[swift-evolution] [Discussion] Enforcing Calling Super
Matthew Johnson
matthew at anandabits.com
Thu Feb 25 13:19:36 CST 2016
Sent from my iPad
> On Feb 25, 2016, at 1:17 PM, Jean-Daniel Dupas via swift-evolution <swift-evolution at swift.org> wrote:
>
>
>> Le 25 févr. 2016 à 16:47, Jeremy Pereira via swift-evolution <swift-evolution at swift.org> a écrit :
>>
>>
>>> On 17 Feb 2016, at 22:26, Kyle Sherman via swift-evolution <swift-evolution at swift.org> wrote:
>>>
>>> Thanks for the replies.
>>>
>>> Kenny: After thinking about it more, discussing with Peter, and looking Haravikk’s comments, I think the best thing would be for this to be a warning as suggested. I respectfully disagree that as a library creator you would not be able to know that a call to super should be required.
>>
>> I disagree.

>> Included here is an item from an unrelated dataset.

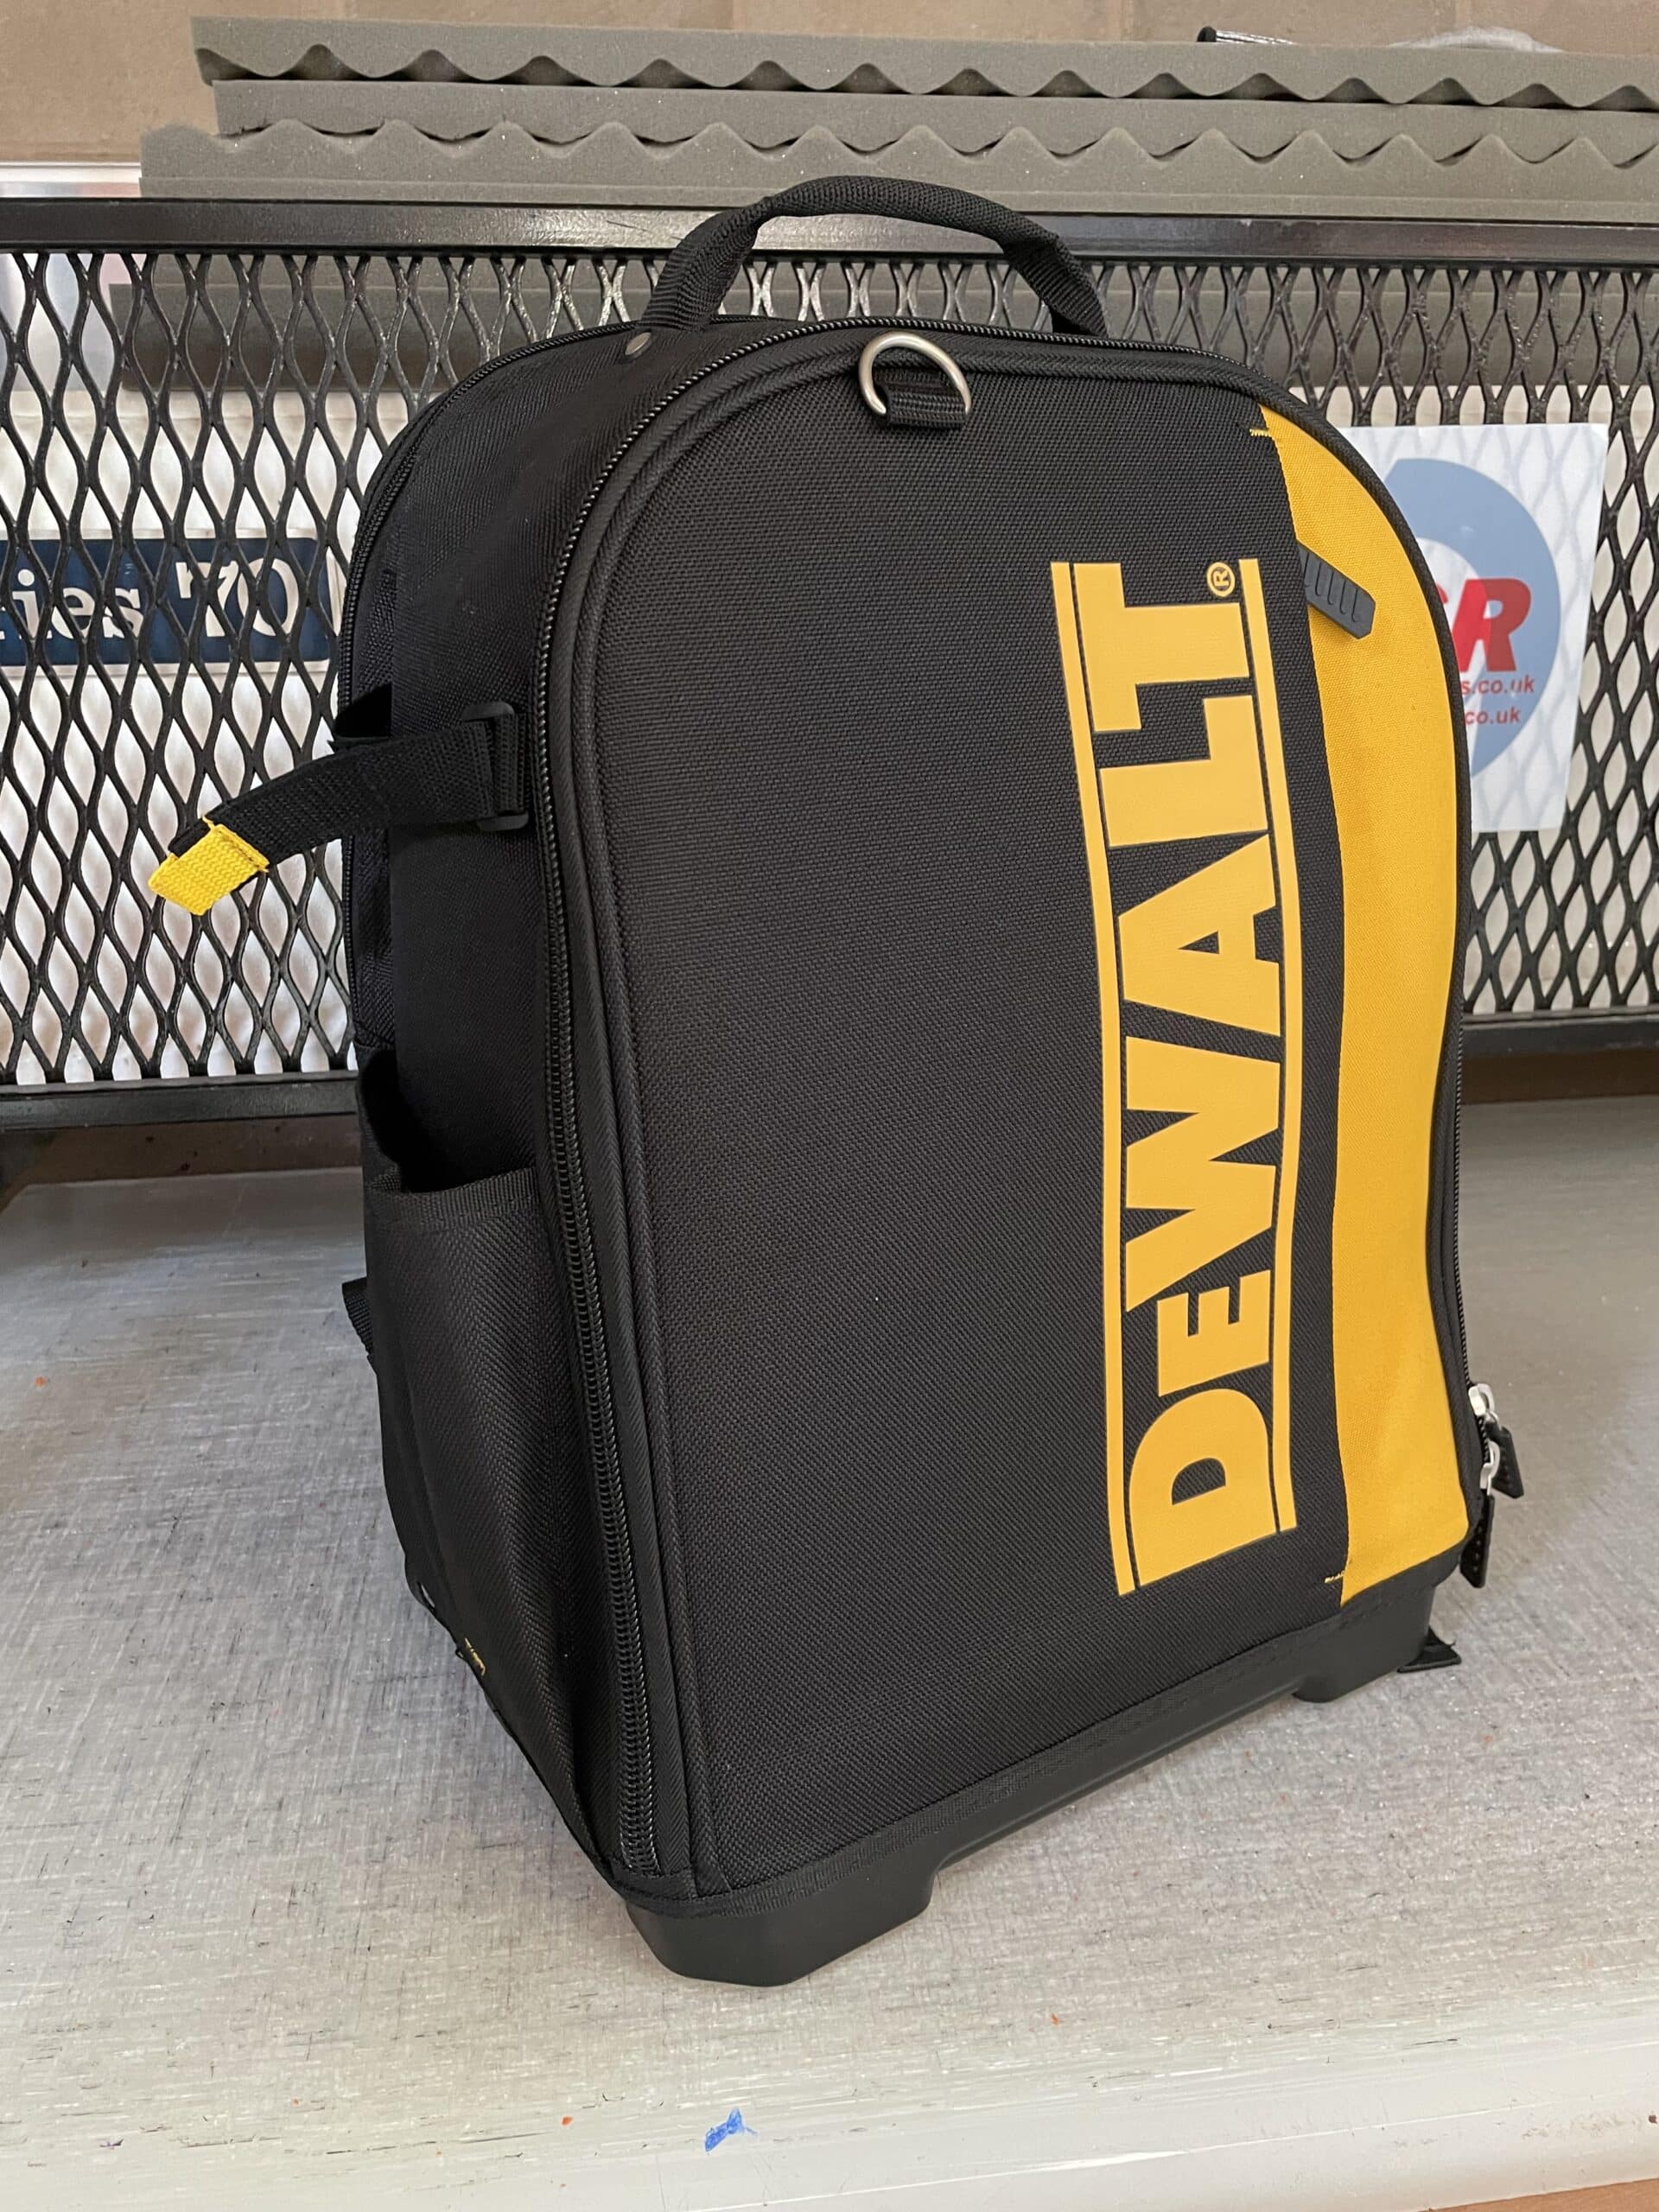 The Dewalt tool bag that we got from our local Costco was a relative snip at around £40

You can’t possibly know all the use-cases in which your class might be subclassed.
>>
>> In particular, it is absurd to enforce having the call to super as the first or last line of the method. That would stop me doing things like this:
>>
>> override func viewDidLoad()
>> {
>> print(“About to run super.viewDidLoad()”)
>> super.viewDidLoad()
>> print(“Finished super.viewDidLoad()”)
>> }
>>
>> Then there’s the perfectly reasonable case like this:
>>
>> override func viewDidLoad()
>> {
>> functionThatCallsSuperViewDidLoad()
>> }
>>
>> Why shouldn’t I be allowed to do that?
>
> +1 with your concern. I’d be curious to see a single real world use case where enforcing first or last is required.
I posted several examples from Apple frameworks in an old thread about this. You might want to look for that message in the archives.